The aim of this project is produce an efficient system for performing multimedia queries and finding videos within a database that are similar to a short query video clip. Videos in the database are pre-processed and video descriptors are extracted that contain information about the properties and content of each video. When a query video is provided, it is similarly processed and matched with videos that are most similar.
This project was written in Java 8, and thus we can only guarantee that it will work with this version.
It also requires valid Google Cloud credentials. Setup and trial information can be found here: https://cloud.google.com/video-intelligence/
- Insert a new folder containing a query .mp4 file into the "query_videos" directory.
- When executing the program, enter this video directory into the query video field.
- Select the descriptors you would like to use.
- Press the search button.
Note that each video descriptor that is selected when searching is given equal weight for the final results. The result scores that are reported are such that a higher score means a better match with the query video.
- Goal: Find videos that use similar color palettes throughout the video
- API: OpenCV
- Usage: K-means clustering is used to find 5 dominant colors within each frame of the database videos, as well as the percentage of the frame they each make up. This is also done for the query video. The query video’s dominant color palettes are then processed with K-means clustering to get a set of 5 dominant colors and their percentages for the entire query clip. These are then compared with database video on a frame-by-frame basis in order determine if the videos are have similar dominant colors.

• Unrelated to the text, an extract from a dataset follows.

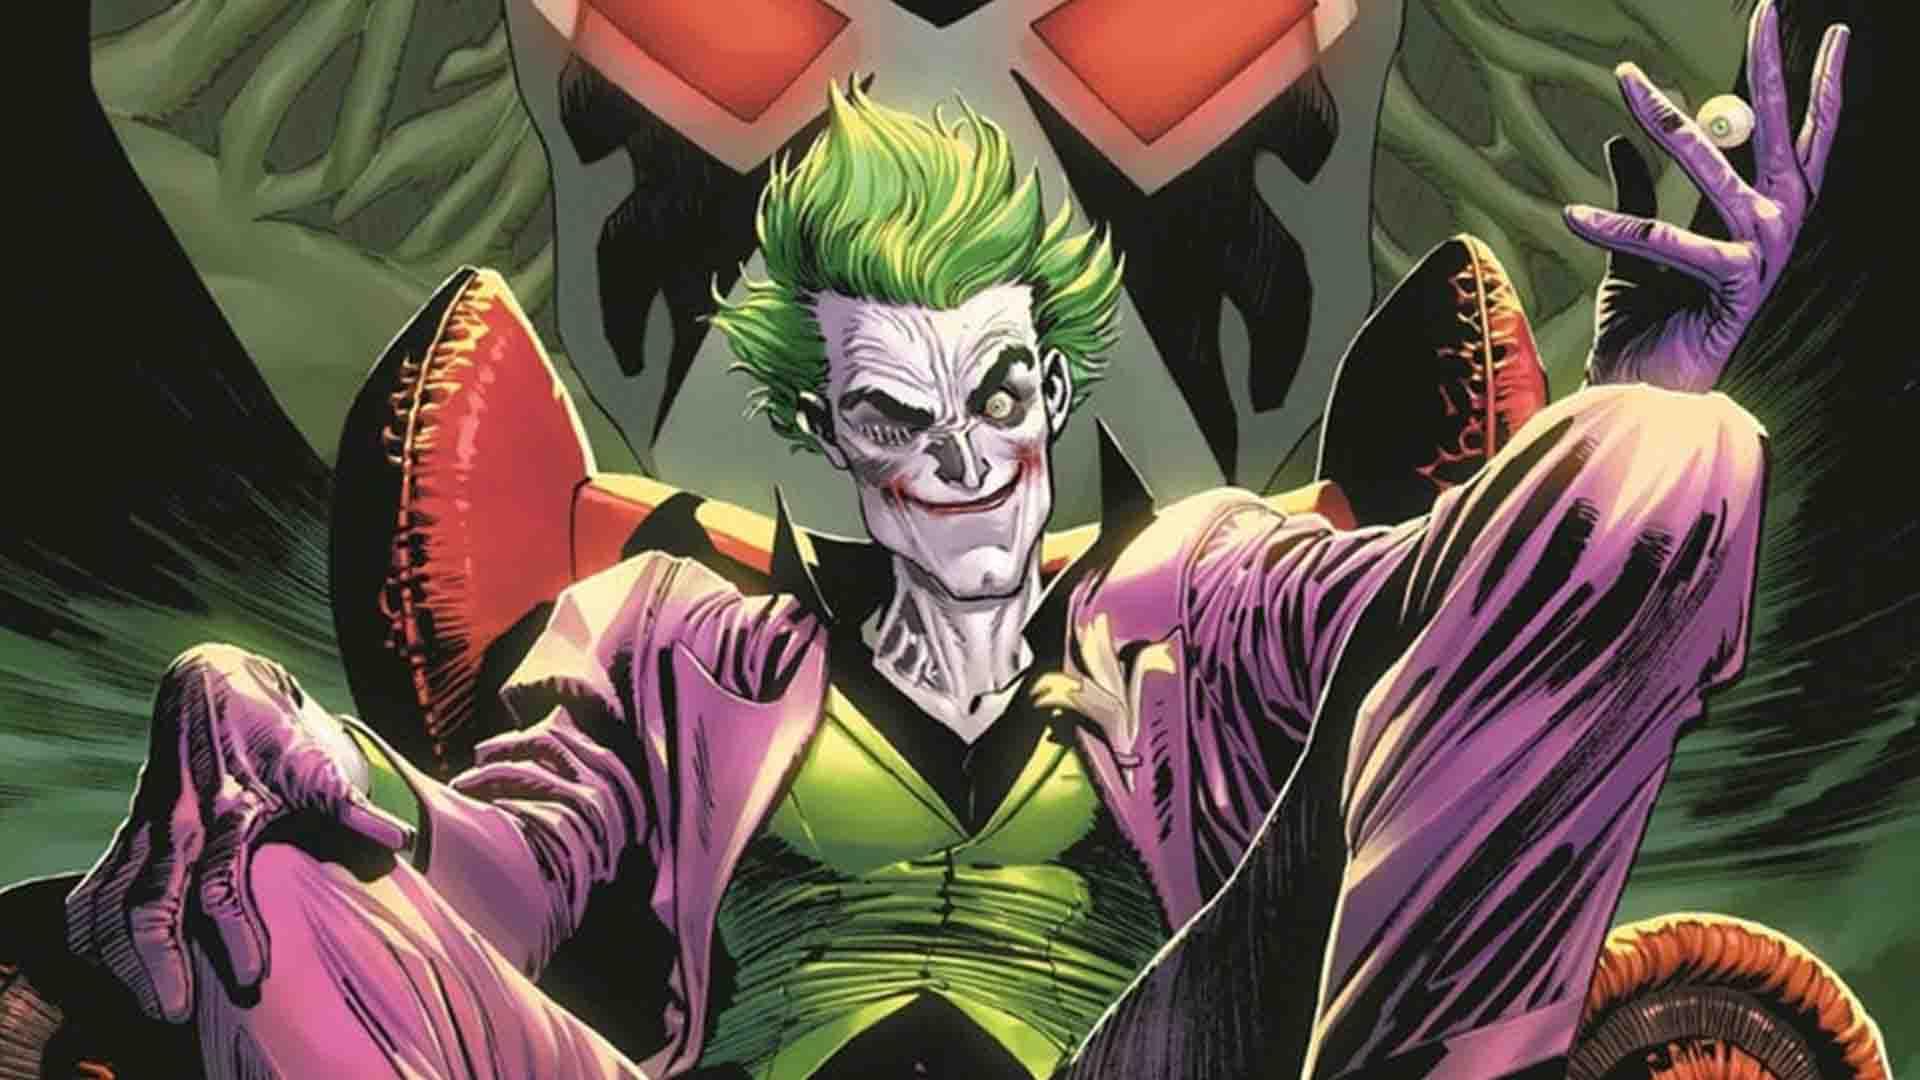 دی سی سری کتاب کمیک جدید The Joker را معرفی کرد

- Goal: Find videos with similar amounts of frame by frame motion differences
- API: OpenCV
- Usage: Frames are converted to grayscale and the absolute difference between two successive frames is calculated. Thresholding is done on the difference frame to produce a binary image. The binary difference frames are dilated slightly and then contours are found around these areas. The total contour area found is the measure of motion between the two successive frames. Videos with closer average motion are considered more similar.

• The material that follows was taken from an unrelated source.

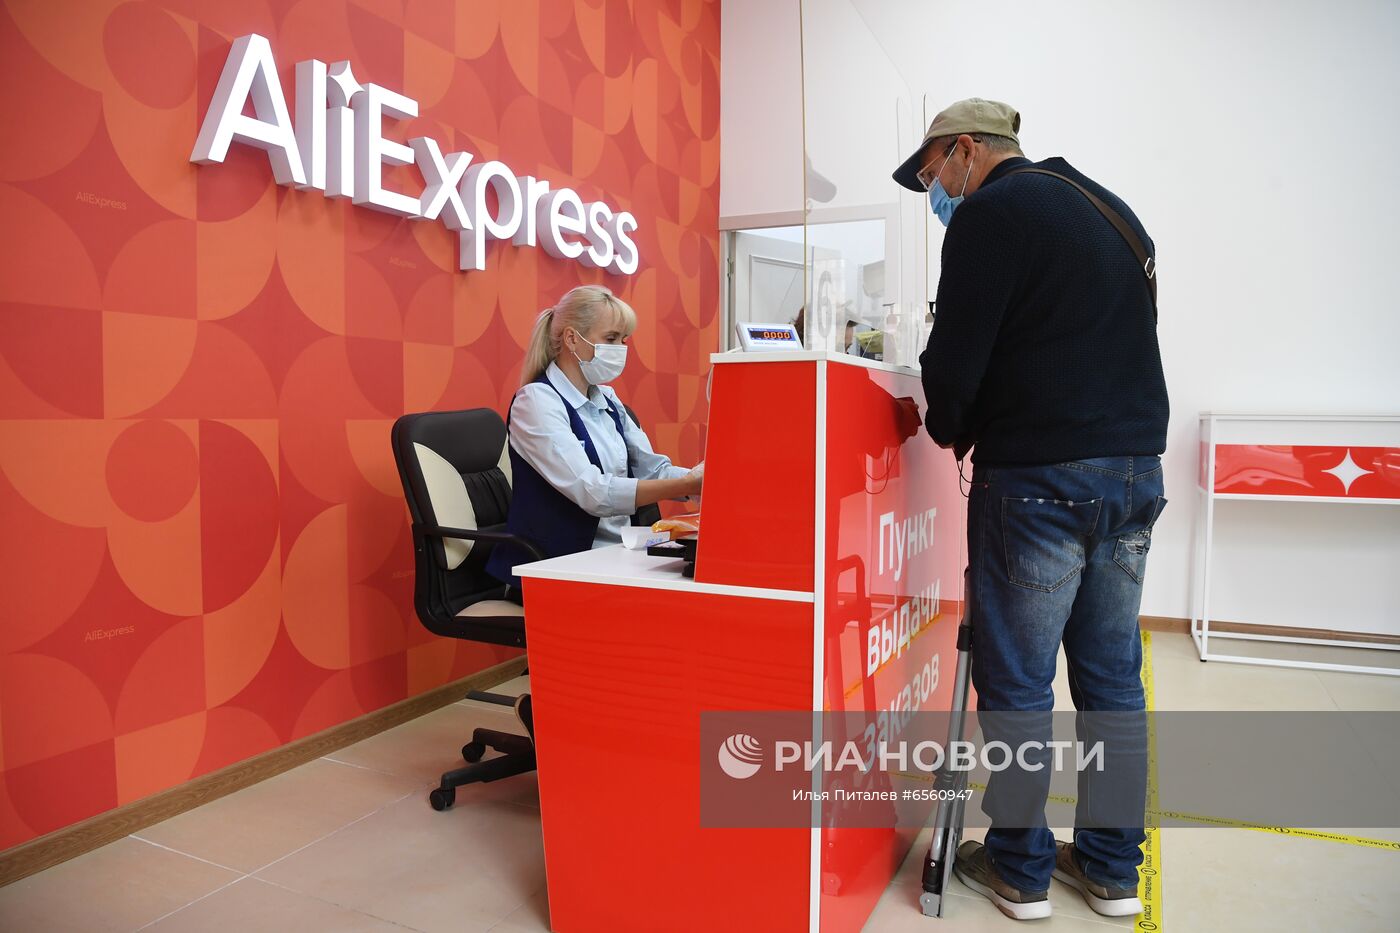 Открытие пункта выдачи товаров AliExpress в отделении Почты России | РИА  Новости Медиабанк

- Goal: Find videos that contain similar objects and content
- API: Google Cloud Video Intelligence
- Usage: Given an .mp4 video, the Video Intelligence API returns a set of annotated video labels and shot labels. These labels contain brief descriptions of objects that it found in the video, along with a confidence score. For each frame in a given database video, we check if the video labels found in the query video are present in the current frame. If the label is found in the current frame, the frame’s score increased by the confidence of the query label multiplied by the confidence of the database video label. This value is then averaged by dividing this sum by the total number of matches found for the current frame. Similarly, the overall score is found as the sum of the frame scores (pre-averaged) divided by total number of labels considered across all frames.